The reducing power was measured by K3Fe(CN)6 (Jones et al., 2020). 1 mL of different concentrations of sample solution, 1 mL of 1% K3Fe(CN)6 solution and 1 mL phosphate buffer solution (0.2 mol/L pH 6.6) were homogeneously mixed and reacted at 50 °C for 20 min. Add 2 mL of 10% trichloroacetic acid to the mixture, then centrifuge at 3000 r/min for 10 min. Add 2 mL of distilled water and 0.4 mL of 0.3% ferric chloride to 2 mL of supernatant, mixed well and react at 50 °C for 10 min. The absorbance of samples was determined at 700 nm. VC was used as the calibration standard. The reduction force is calculated according to Equation 2.

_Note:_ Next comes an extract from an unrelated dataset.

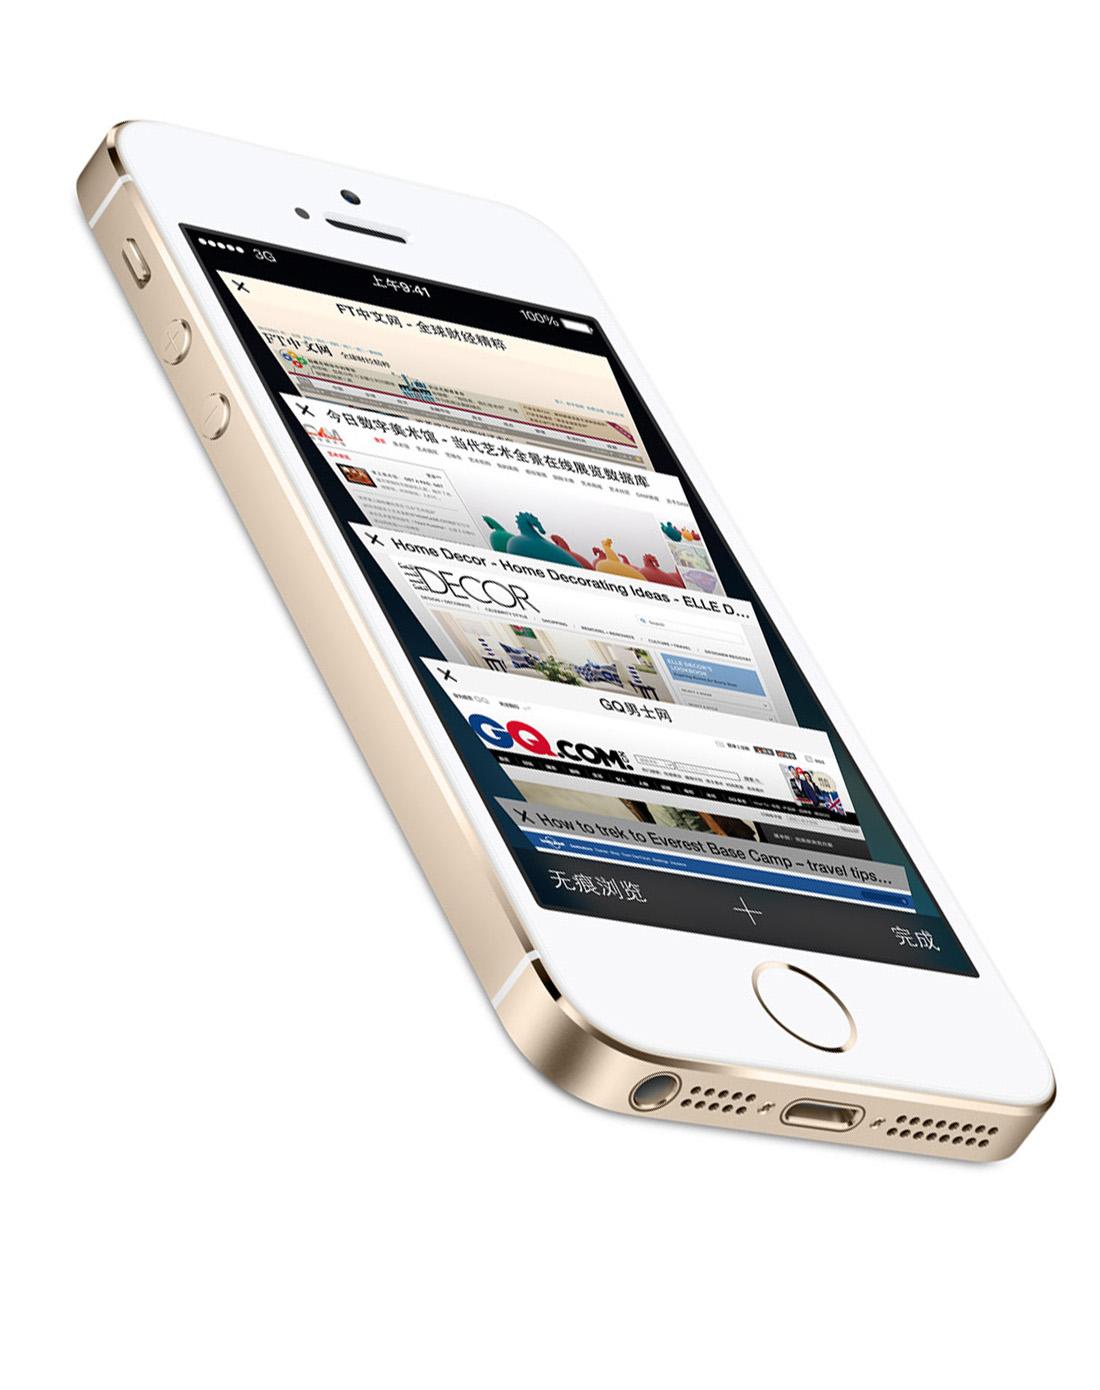 手机iphone5s金色16g面料锦纶纱网苹果图片

Where A1 is the absorbance of reactant solution, A2 is replaced with the ferric chloride solution with distilled water.
2.9 Cytotoxicity assay
Human normal liver cell line (L02) was cultured with RPMI 1640 medium (Containing 10% fetal bovine serum, 100 μg/mL penicillin, and 100 μg/mL streptomycin). Cells were seeded at a density of 8000 cells per well into 96-well culture plates and incubated at the condition of 37 °C and 5% CO2 for 24 h. Then the samples with different concentrations were added and incubation was continued for 72 hours. After that, 10 μL (5 g/L) MTT solution were added and continued to culture for 4 hours. At last, the supernatant was discarded and 200 μL DMSO was added to each hole. The absorbance value of the solution at 490 nm wavelength was measured by the ELISA (FLUOstar OPTIMA, BMG, Germany). Cell viability = (ODa/ODb) × 100%, ODa, and ODb were the absorbance values of the experimental groups and control groups, respectively.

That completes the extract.